6.) You drank a lot of beers. Like, A LOT:
Let’s face it, your liver is screaming in enough pain as it is. Take away what little blood you didn’t happen to lose from your drunken stumbles outside Daddios and your BAC will end up being more booze than blood. You wouldn’t want anybody with your blood and catch your hangover, or alcoholism.

5.) You’re only really doing it to cash in some extra credit:
If you can be honest about only donating so you can get the extra credit you need to get out of Schroeder lecture halls once and for all, then maybe you can honestly get them to take you off of their call list. If only being a good person came with a grade point average.

4.) You’re too poor:
Tuition at ISU isn’t cheap. Somebody has to pay for that renovation for The Bone that’s totally necessary. In the wake of all of your debt you might be a bit light on the essentials, and rather than donating you’re trying to sell, sell, SELL. If someone on Craigslist is willing to buy your blood, hey that’s creepy, but at least you’re getting paid.

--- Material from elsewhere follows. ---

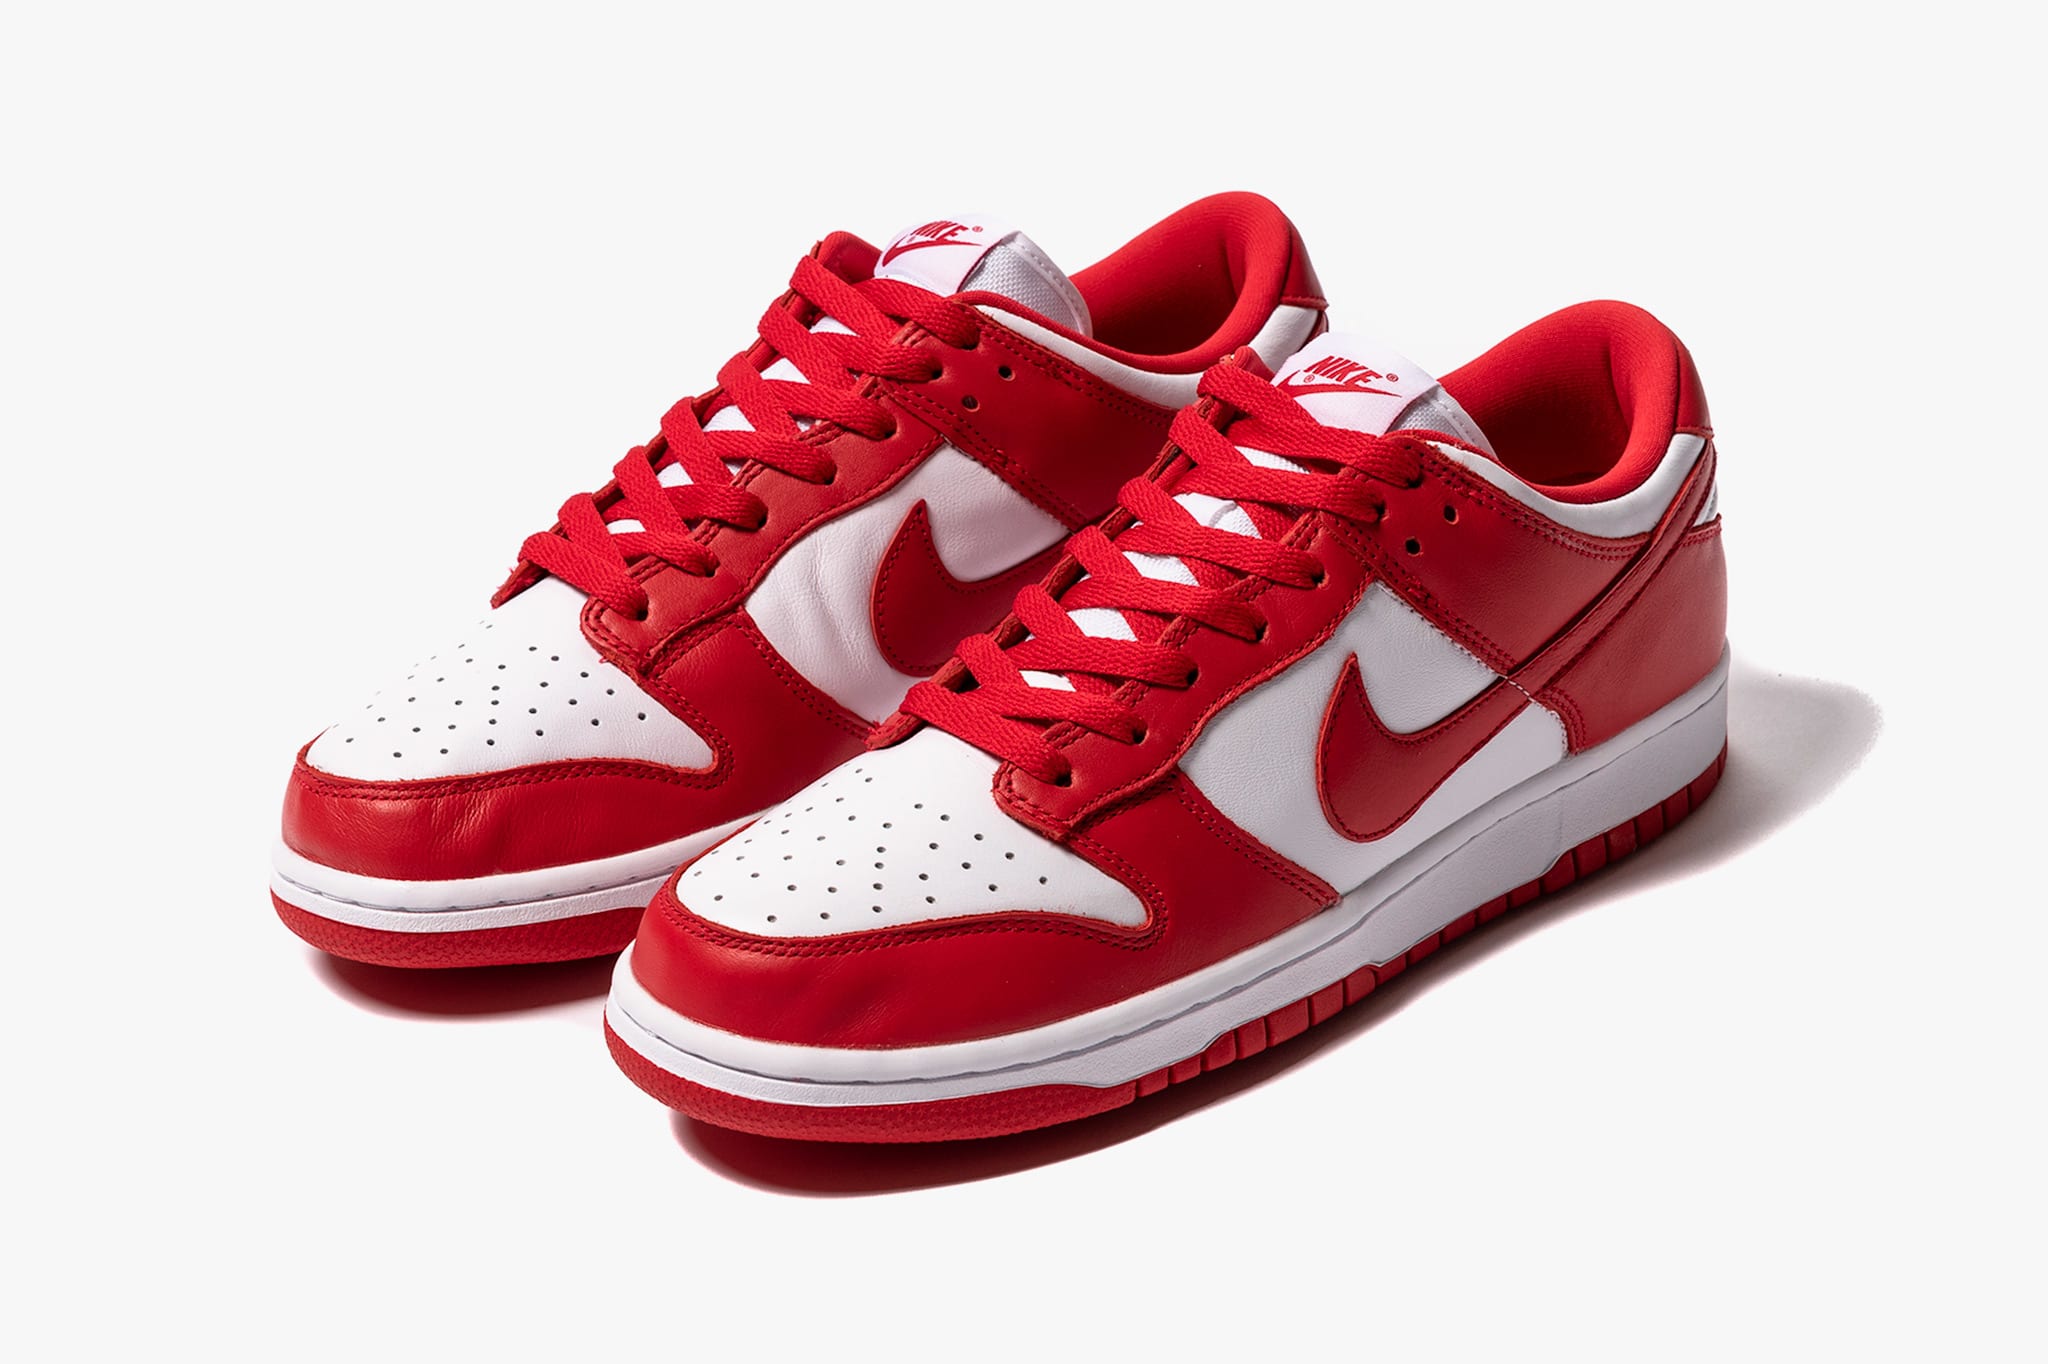 Nike Dunk Low SP “St. Johns” | Release Date: 07.01.20 | HAVEN

3.) Ironically, you’re lacking iron:
We ISU students can be an ironic bunch. But what happens when your irony has too little iron? In your blood. If you’re not eating your weight in spinach, Heartland Blood will volunteer to transfuse blood directly into you after hearing how low your iron count is. It’s a one way street to becoming the vampire middle school you always wanted to be.

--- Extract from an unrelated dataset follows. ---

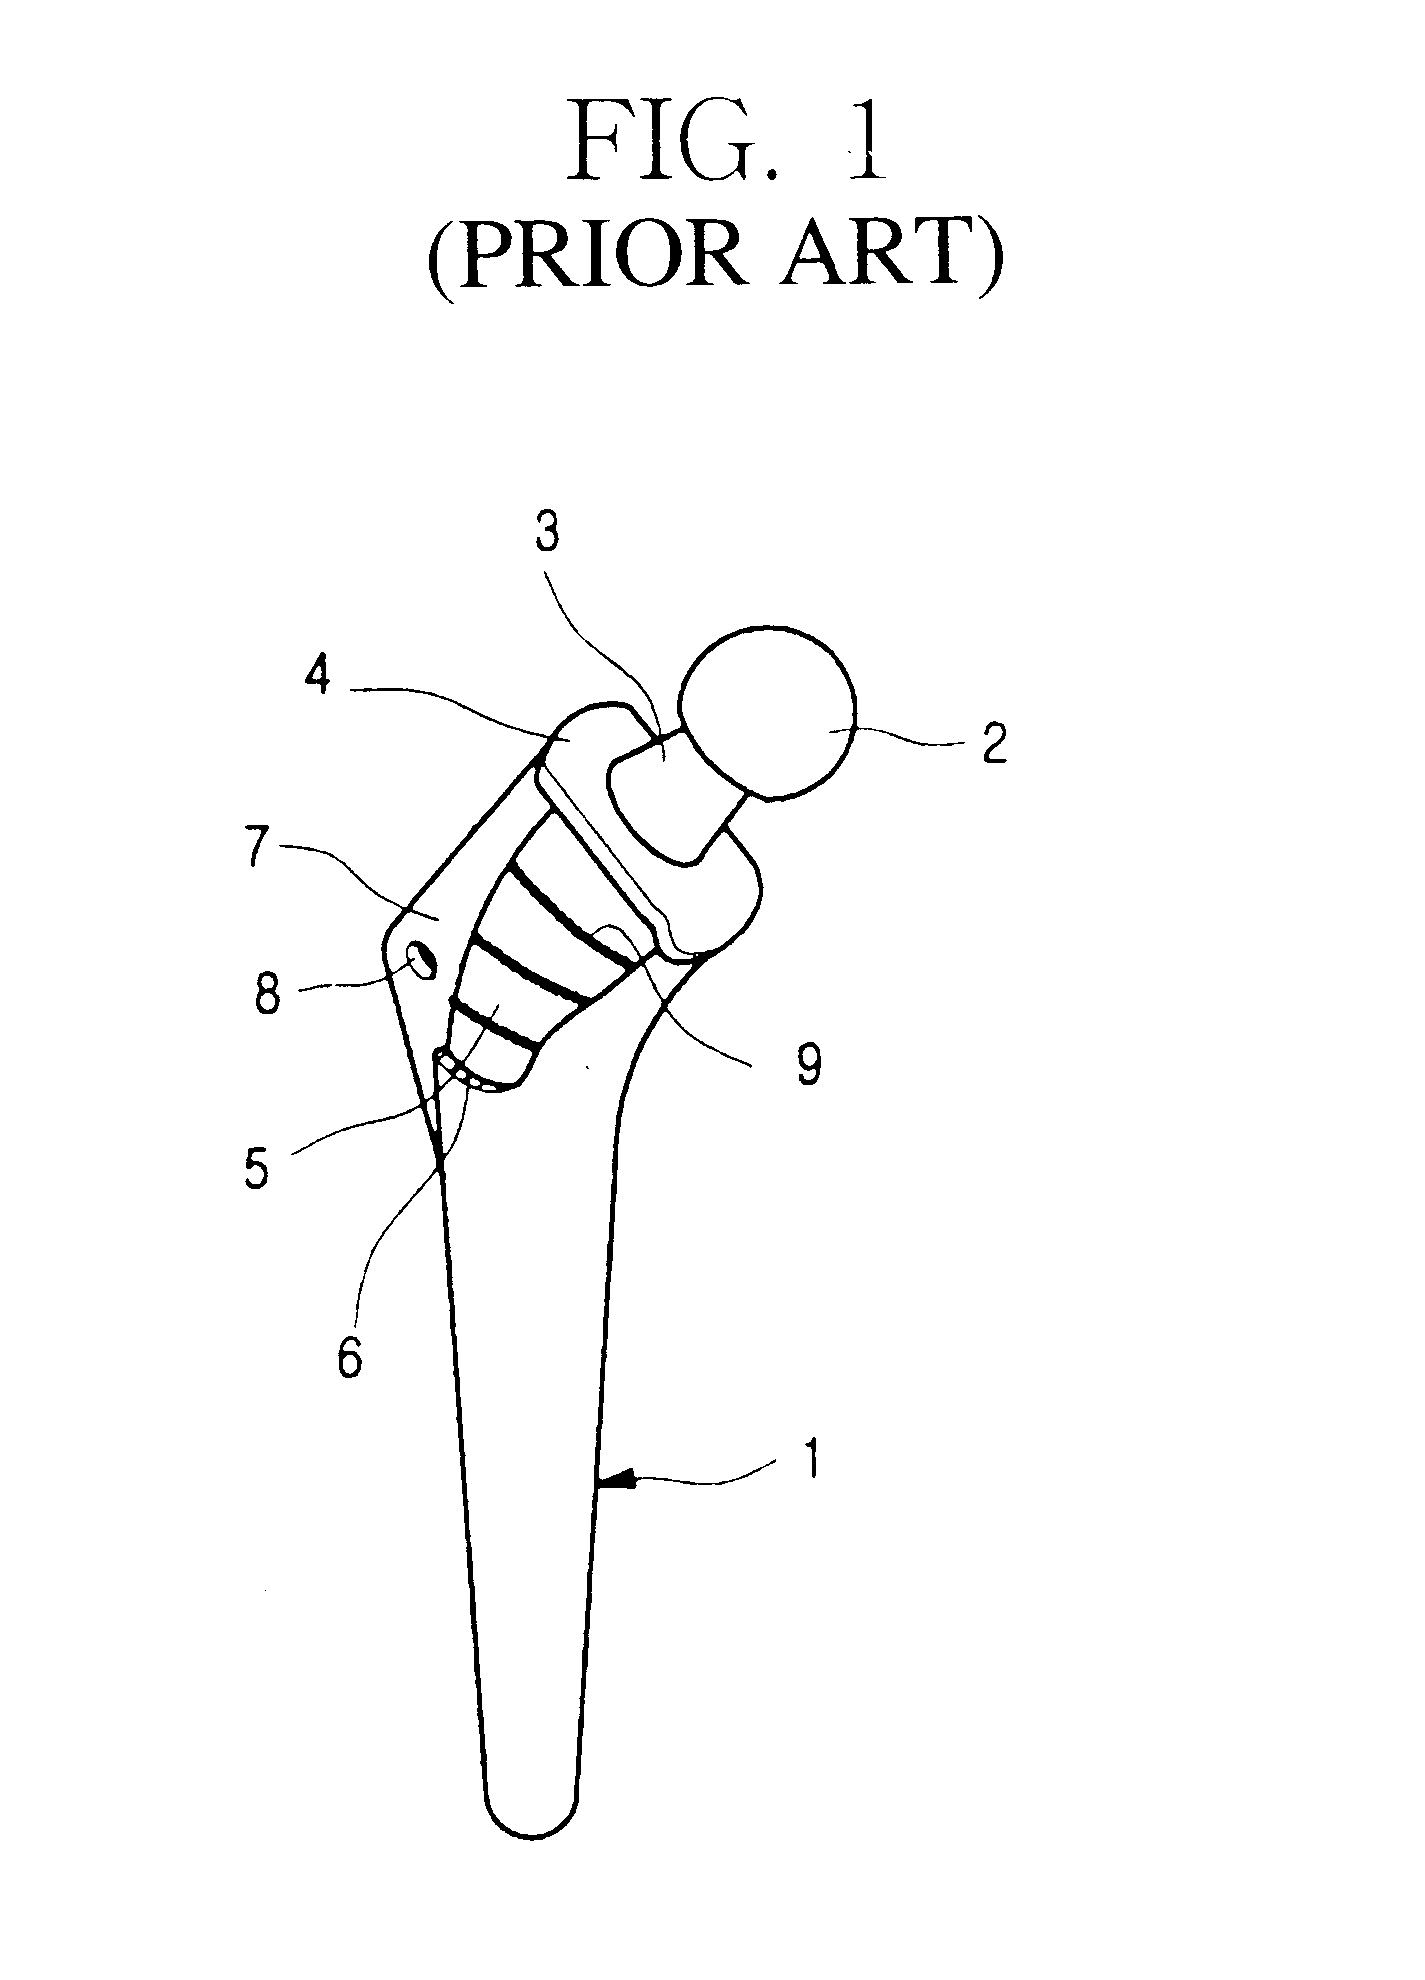 Metal jacket for a cementless artificial joint stem and artificial joint having the jacket

2.) You’ve spent too much time at Graphic Flesh this weekend:
For when they tell you to sober up and donate blood tomorrow you drop this bomb on them. While you were insanely drunk at Pub Wednesday you also decided to get this insane tattoo from Graphic Flesh. That should give you a good excuse to keep them away from your blood for at least the next six months. A fish on your ass? Totally worth keeping your blood where it belongs.

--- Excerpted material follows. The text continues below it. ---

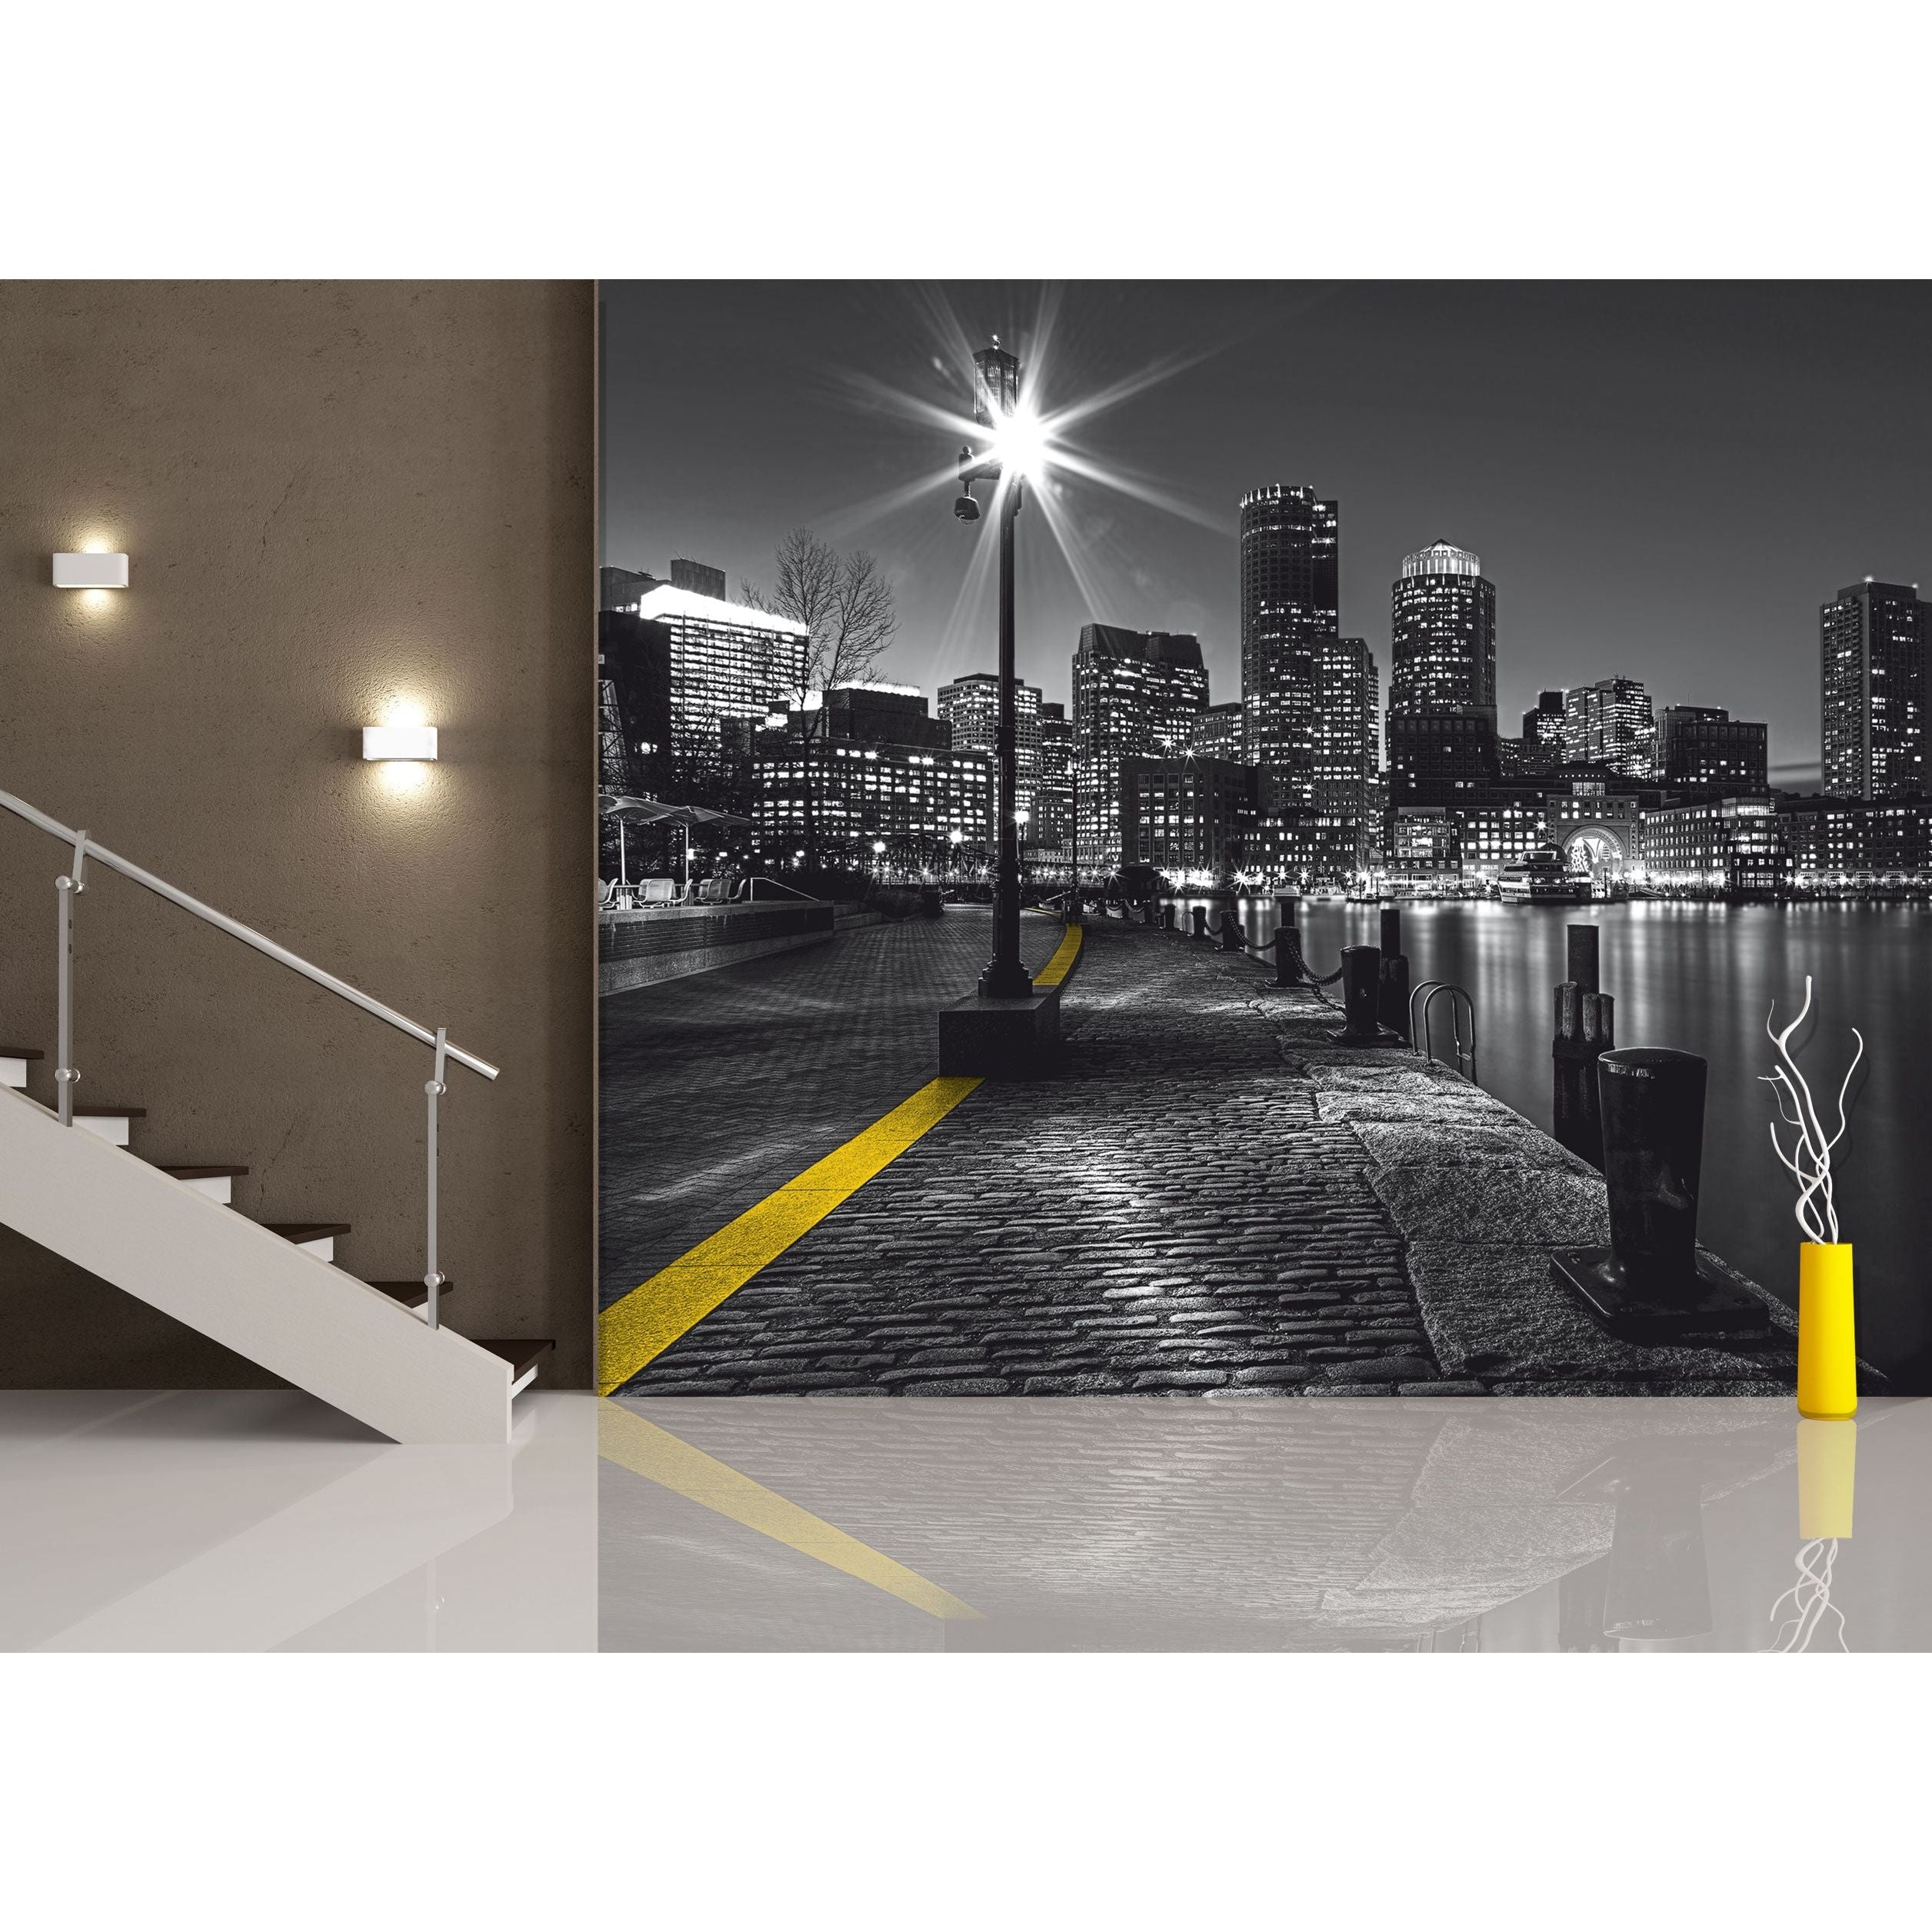 City Lights Reflection: Nighttime Waterfront Wall Mural

1.) You’re too busy, or to lazy to care:
These are trying times, and it can be hard to make time to donate blood, do laundry, or even leave your dorm in Watty. If you won’t make time to work on yourself, how can you be expected to give literal ounces of yourself away for free?

Next time Heartland Blood Center finds themselves in your DMs, or calls you in the middle of class, your brain full of life giving blood will have these excuses to pull from to rationalize its lack of kindness. You at least had the decency to be a human juice box once, but you’re definitely not doing that again.